When the President of the grounds inquired whether they would Lave tickets for the hotel or one of the boarding-houses, Miss Erskine had answered without hesitation:

"For the hotel, of course. I never have anything to do with boarding-houses. They are almost certain to be second rate." Said President kept his own counsel, thinking, I fancy, that here was a girl who needed some lessons in the practical things of this life, and Chautauqua hotels were good places in which to take lessons.

Imagine now, if you can, the look of this lady's face, as they made their way with much difficulty down the long room, and looked about them on either side for heats. "A hotel, indeed!" she said, in utter contempt and disgust, as one of the attendants signaled them and politely drew back the long board seat that did duty in the place of chairs, and answered for five, or, if you were good natured and crowded, for six people. He was just as polite in his attentions as if the unplaned seat had been a carved chair of graceful shape and pattern. One would suppose that Ruth might have taken a hint from his example.
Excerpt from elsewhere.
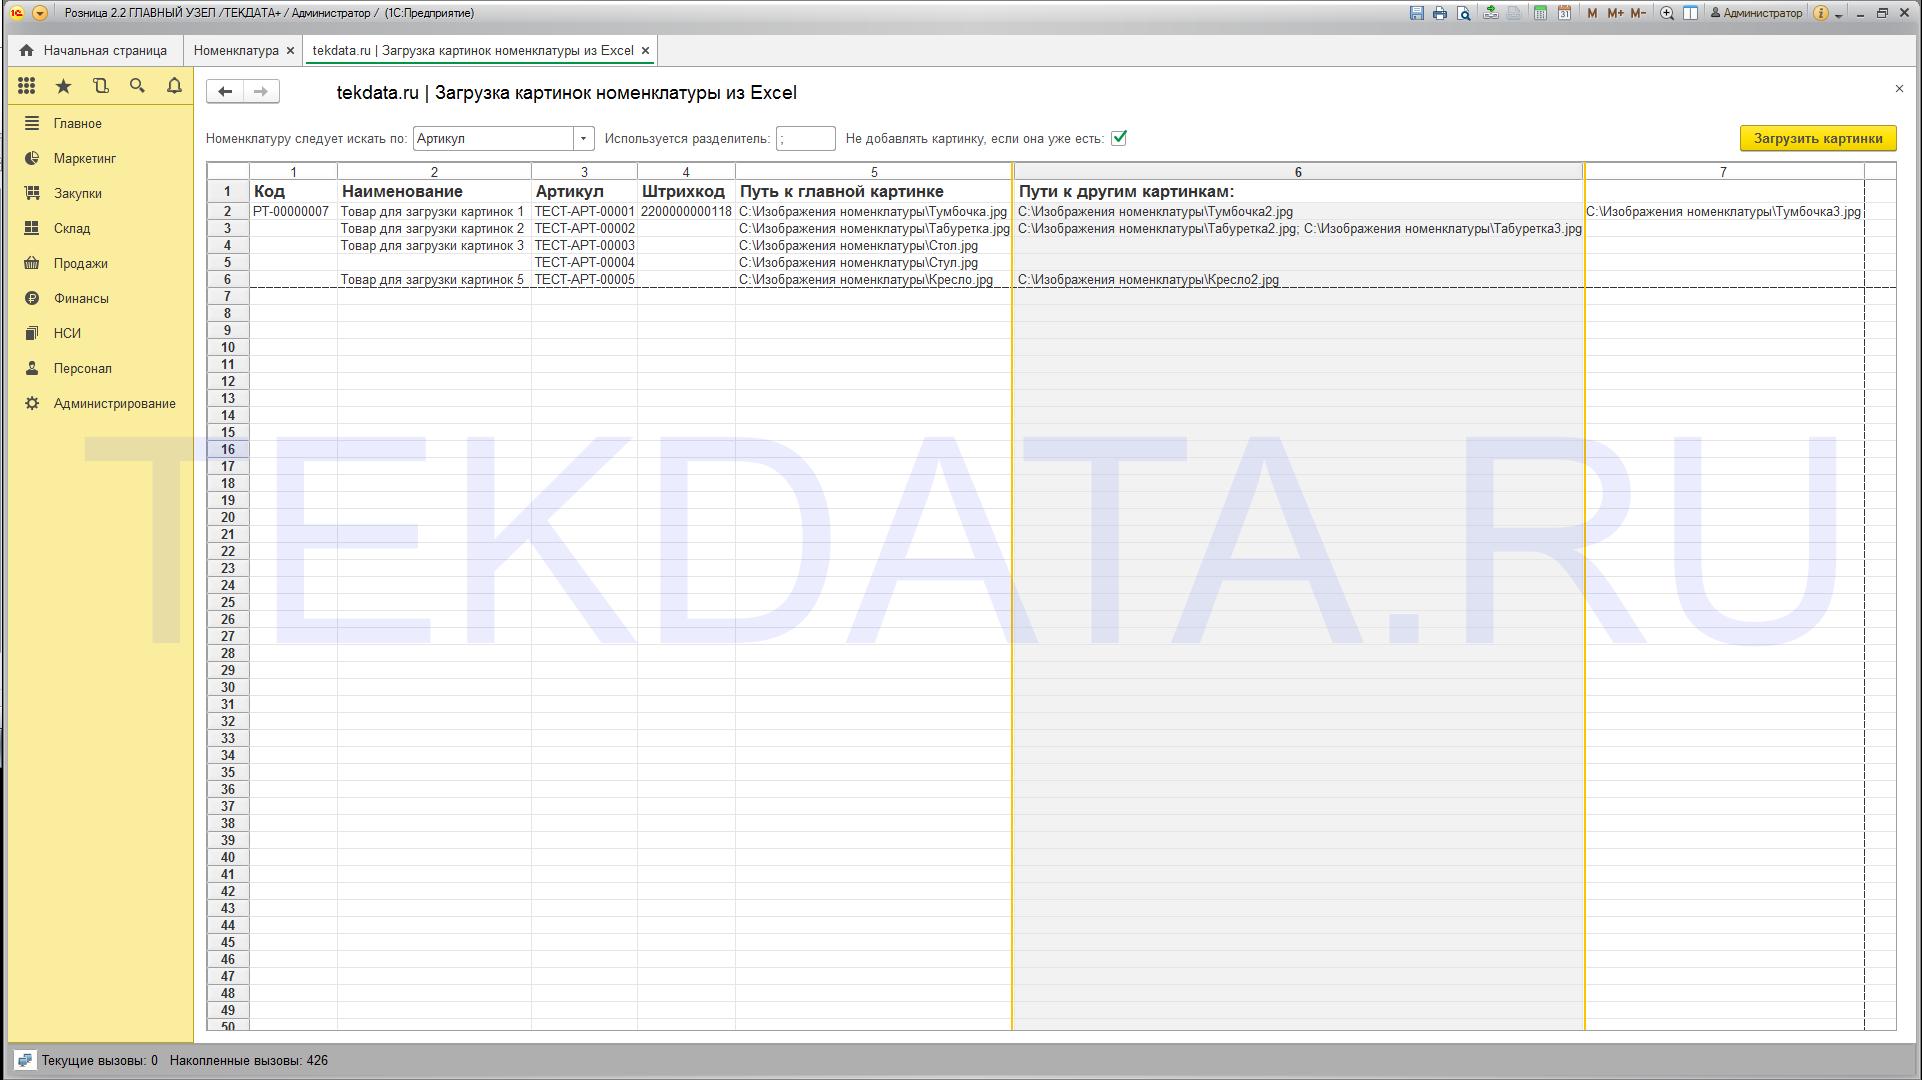 Загрузка картинок номенклатуры из Excel для Розница 2.2

But the truth is, she belonged to that class of people who are so accustomed to polite attentions that it is only their absence which calls forth remark.

"The idea of naming this horrid, dirty old lumber-room a hotel!" and she carefully and disdainfully spread her waterproof cloak on the seat before she took it.
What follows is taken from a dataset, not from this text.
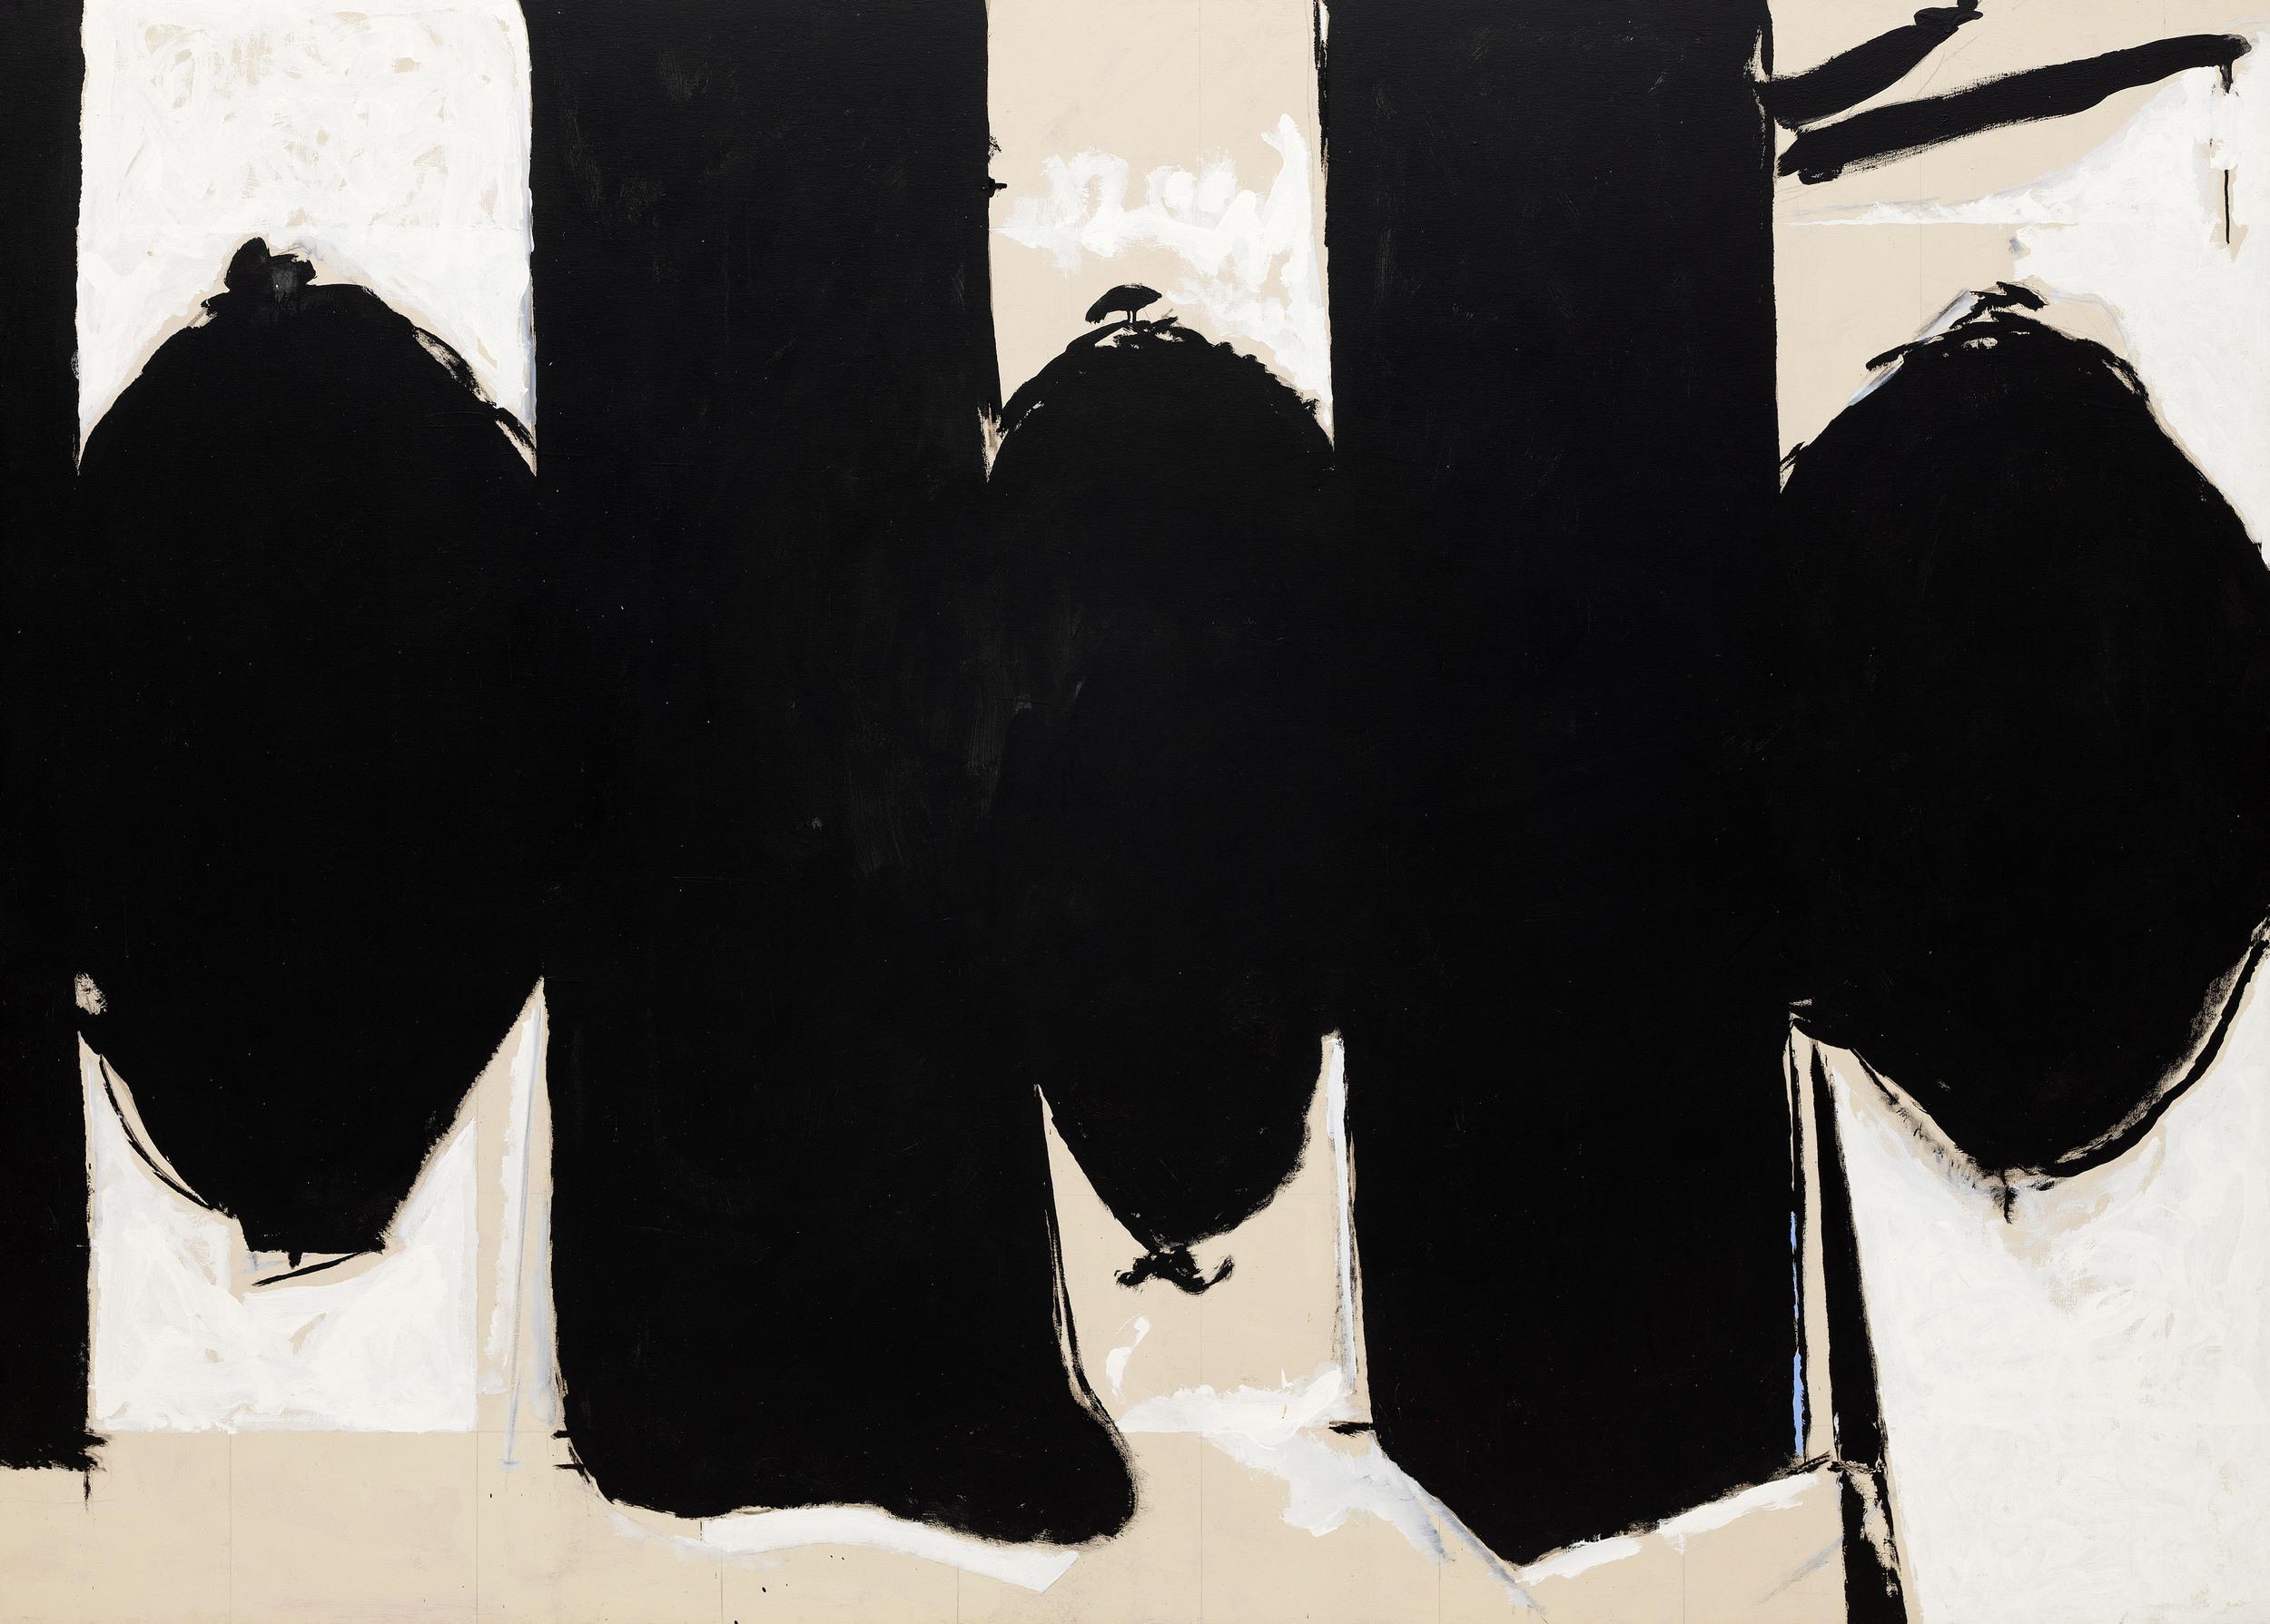 Robert Motherwell,  Elegy to the Spanish Republic No. 110 , 1971, Solomon R. Guggenheim Museum, New York.

Eurie's merry laugh rang out until others looked and smiled in sympathy with her fun, whatever it was. "What in the world did you expect, Ruthie? I declare, you are too comical! I verily believe you expected Brussels carpets, and mirrors in which you could admire yourself all the while you were eating." "I expected a  hotel ," Ruth said, in no wise diminishing her lofty tone. "That is what is advertised, and people naturally do not look for so much deception in a religious gathering. This is nothing in the world but a shanty." Chautauqua was doing one thing for this young lady which surprised and annoyed her. It was helping her to get acquainted with herself. Up to this time she had looked upon herself as a person of smooth and even temperament, not by any means easily ruffled or turned from her quiet poise. She had prided herself on her composed, gracefully dignified way of receiving things. She never hurried, she never was breathless and flushed, and apologetic over something that she ought or ought not to have done, which was a chronic state with Eurie. She never was in a thorough and undisguised rage, as Marion was quite likely to be. She was, in her own estimation, a model of propriety. All this until she came to Chautauqua. Now, great was her surprise to discover in herself a disposition to be utterly disgusted with things that to Marion were of so little consequences as to be unnoticed, and that to Eurie were positive sources of fun.
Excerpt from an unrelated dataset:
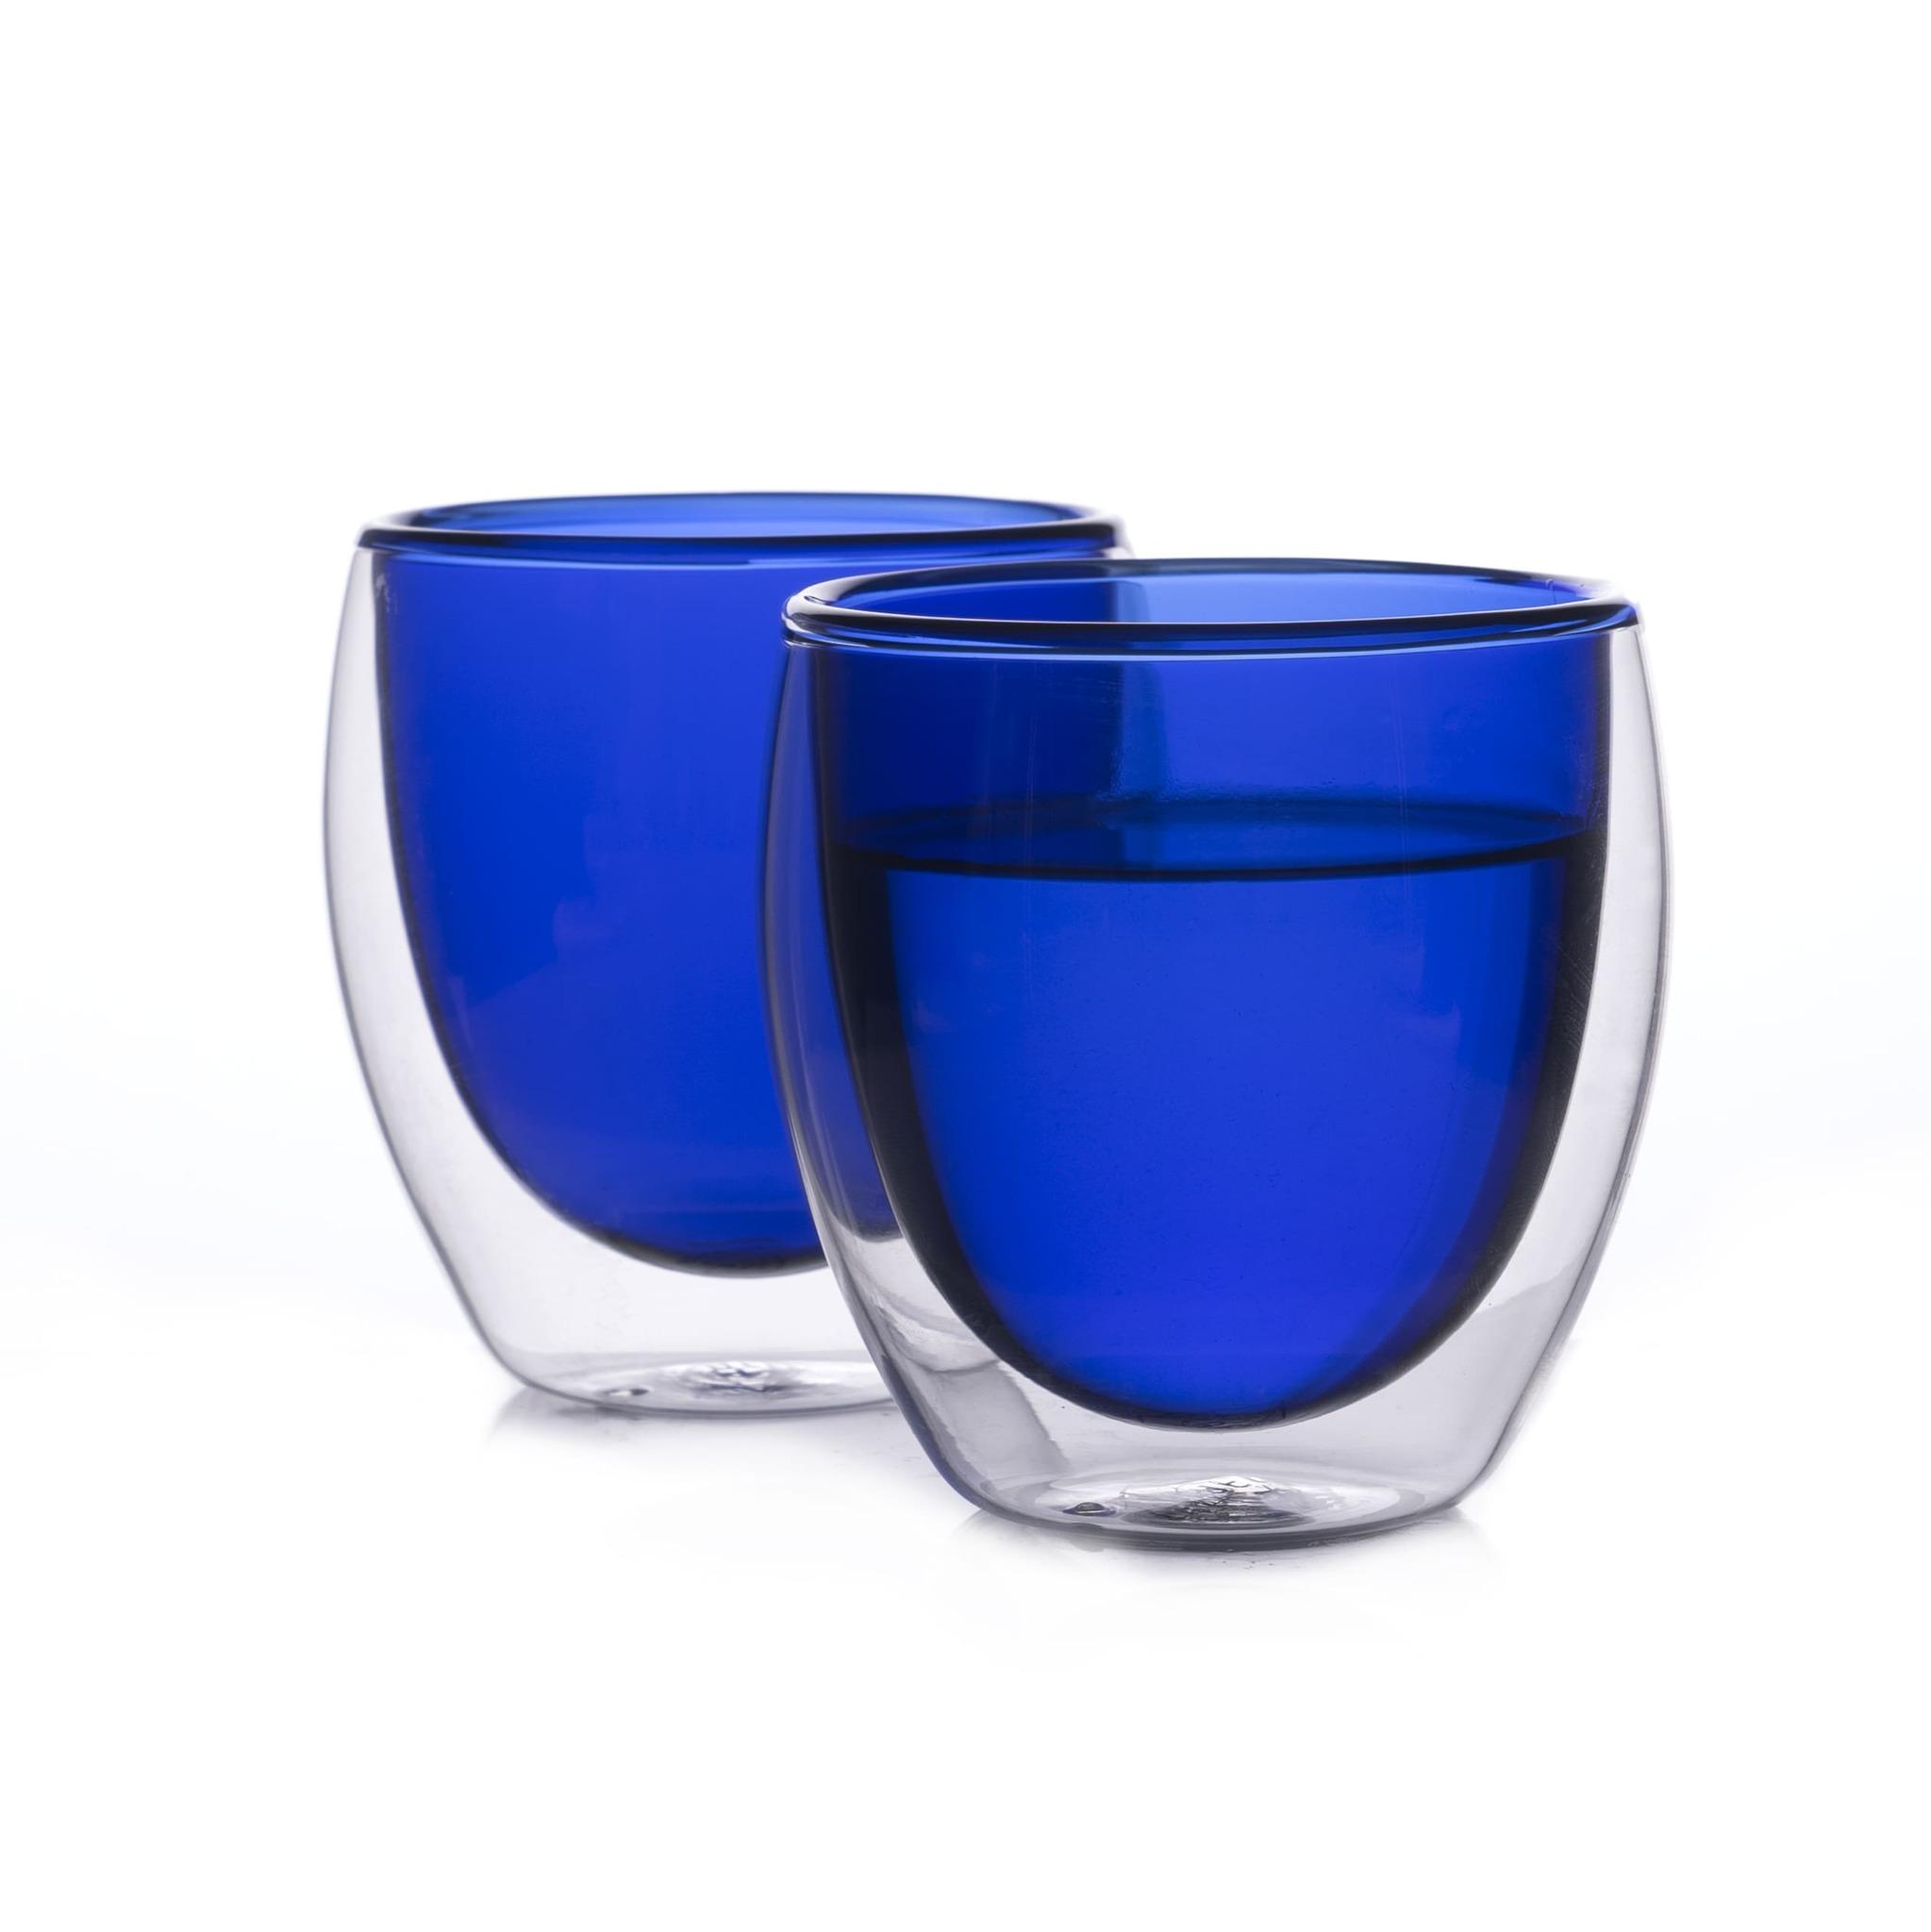 Наборы-Акции Набор стаканов из двойного стекла синего цвета 250 мл, 2 шт. синий3.jpg

Doubtless you understand her better than she did herself. The truth is, it is a comparatively easy matter to be gracious and courteous and unruffled when everything about you is moving exactly according to your mind, and when you can think of nothing earthly to be annoyed about. There are some natures that are deceiving their own hearts in just such an atmosphere as this. They are not the lowest type of nature by any means. The small, petty trials that come to every life are beneath them. If it rains when they want to walk they can go in a handsome carriage, and keep their tempers. If their elegant new robes prove to be badly made they can have them remodeled and made more elegant with a superior composure. In just so far are they above the class who can endure nothing in the shape of annoyances or disappointment, however small. The fact is, however, that there are petty annoyance,  not coming in their line of life, that would be altogether too much for them. But of this they remain in graceful ignorance until some Chautauqua brings the sleeping shadows to the surface.